That startling finding comes from a Canadian study presented Tuesday at the Radiological Society of North America's annual meeting in Chicago, according to HealthDay News.
Researchers used a new method of assessing computed tomography (CT) scans to analyze the lungs of 14 anorexia patients and found the malnutrition in these patients changed the physical structure of their lungs.
"There is a reduction in the amount of lung tissue in patients with anorexia nervosa," lead author Harvey O. Coxson, an assistant professor of radiology at the University of British Columbia and an investigator at Vancouver Coastal Health Research Institute at Vancouver General Hospital, says in a prepared statement.
"It is unclear whether these structural changes are permanent, but if they are, early therapy is important in patients who have anorexia," Coxson says.
Voluntary starvation is a characteristic of anorexia nervosa.
Coxson and his colleagues found the lung structures of anorexia nervosa patients showed loss of tissue that helps deliver oxygen to the rest of the body. Similar changes are seen in people with emphysema caused by cigarette smoking. These changes result in shortness of breath and other respiratory problems.
"These results may influence the timing of nutritional support for anorexia patients to avoid or reverse this damage to the lung. Further, if malnutrition causes emphysema in anorexic patients, it may contribute to emphysema in smokers. If so, nutritional treatment may slow the development of emphysema in smokers," Coxson says.

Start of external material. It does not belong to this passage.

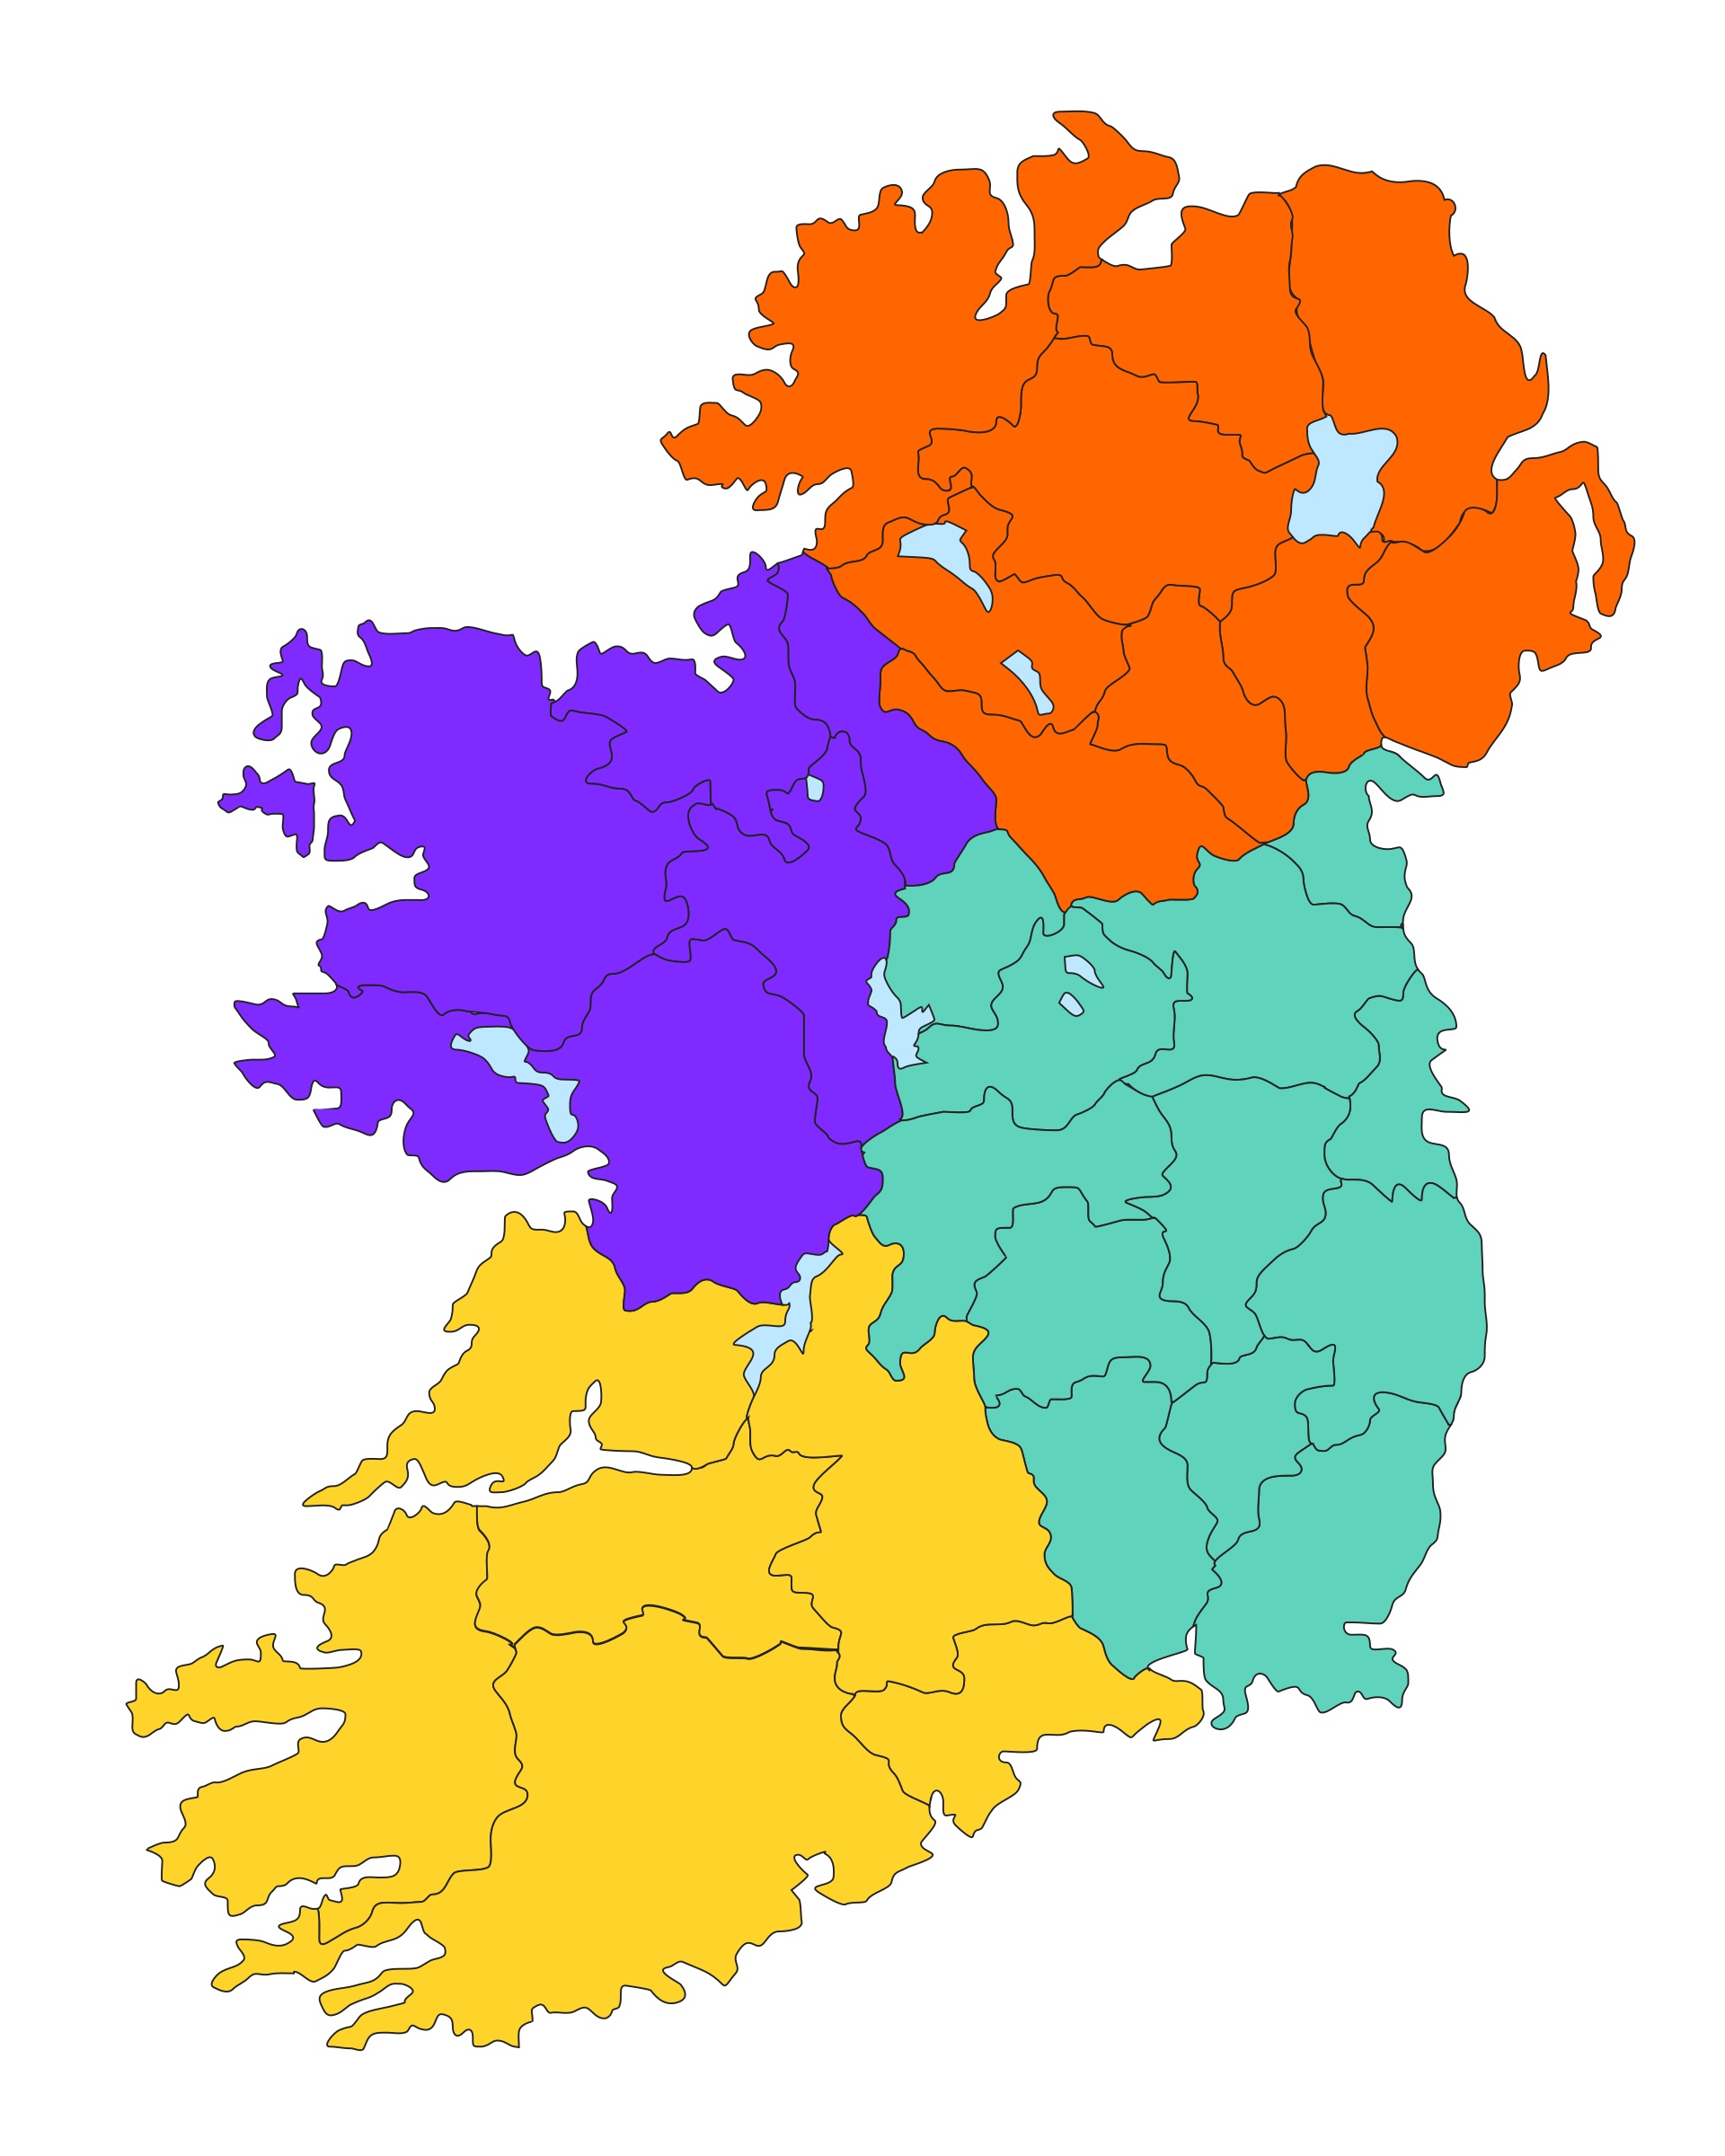 Map of four provinces of Ireland.

According to the National Institutes of Health, anorexia affects up to 3.7 percent of females. Sufferers think they are overweight, even thought they are quite thin, and starve themselves to try to lose weight. Anorexic women die at 12 times the average rate for women aged 15-24.
Emphysema, or Chronic Obstructive Pulmonary Disease, is the fourth leading cause of death in the United States, claiming 119,000 lives in 2000. At least 12 million adults have been diagnosed with it, and the ailment was blamed for $32 billion in costs in 2002.